Zymund states in his book Lusin's Theorem the following

Let $E$ be some Lebesgue measurable subset of $\mathbb{R}^d$ and let $f:E\rightarrow \mathbb{R}$ be some function. $f$ is measurable if and only if for all $\epsilon$, there exists some closed $F\subset \mathbb{R}^d$ such that $F \subset E, |E\setminus F|<\epsilon$ and $f|_{F}:F\rightarrow \mathbb{R}$ is continuous.

I wish to ask: Does the Theorem hold true for extended valued function $f: E\rightarrow \mathbb{R}\cup \{+\infty,-\infty\}$?

I searched online for this question, but there seems to be no discussion on this site yet.

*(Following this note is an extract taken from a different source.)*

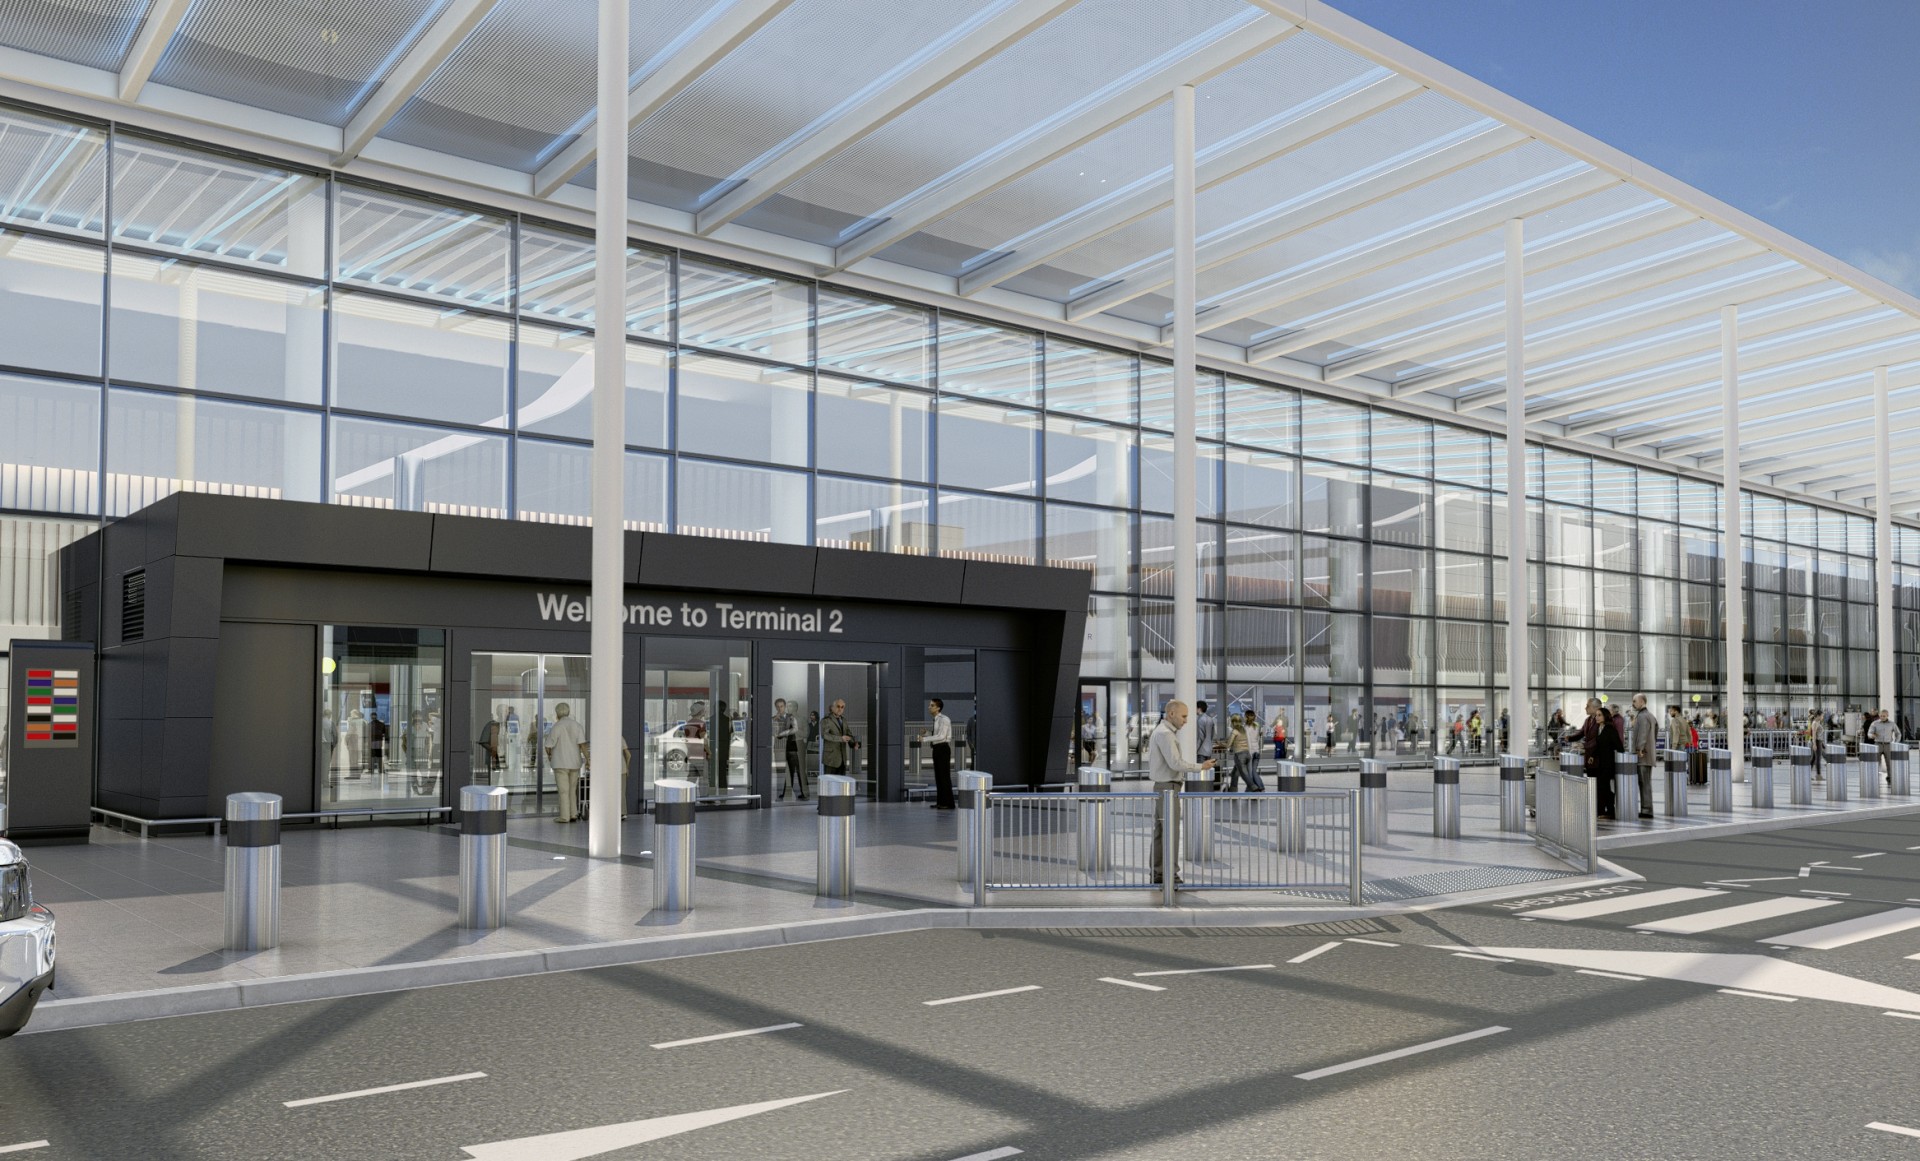 Take off for first phase of Manchester Airport's transformation

All I get are this post, this post, and this post, which are all discussions about the Hypothesis of Lusin's Theorem, but have not much to do with my question. Thanks in advance for help in all forms.

Answer 1

If you equip the extended reals with the topology generated by the complements of compact sets and sets of the form $\{x < a\}$ and $\{x > a\}$, for all constants $a$ (i think this is sometimes called the two point compactification of the line) then its homeomorphic to a closed interval, using a map like $\operatorname{arctan}$. So we could just apply Lusin's to $\operatorname{arctan} \circ f$, obtain our $F$ and be done I believe.

Answer 2

No, if $f$ only takes $\pm\infty$ values, no such $F$ exists. There is no notion of continuity for $\pm\infty$.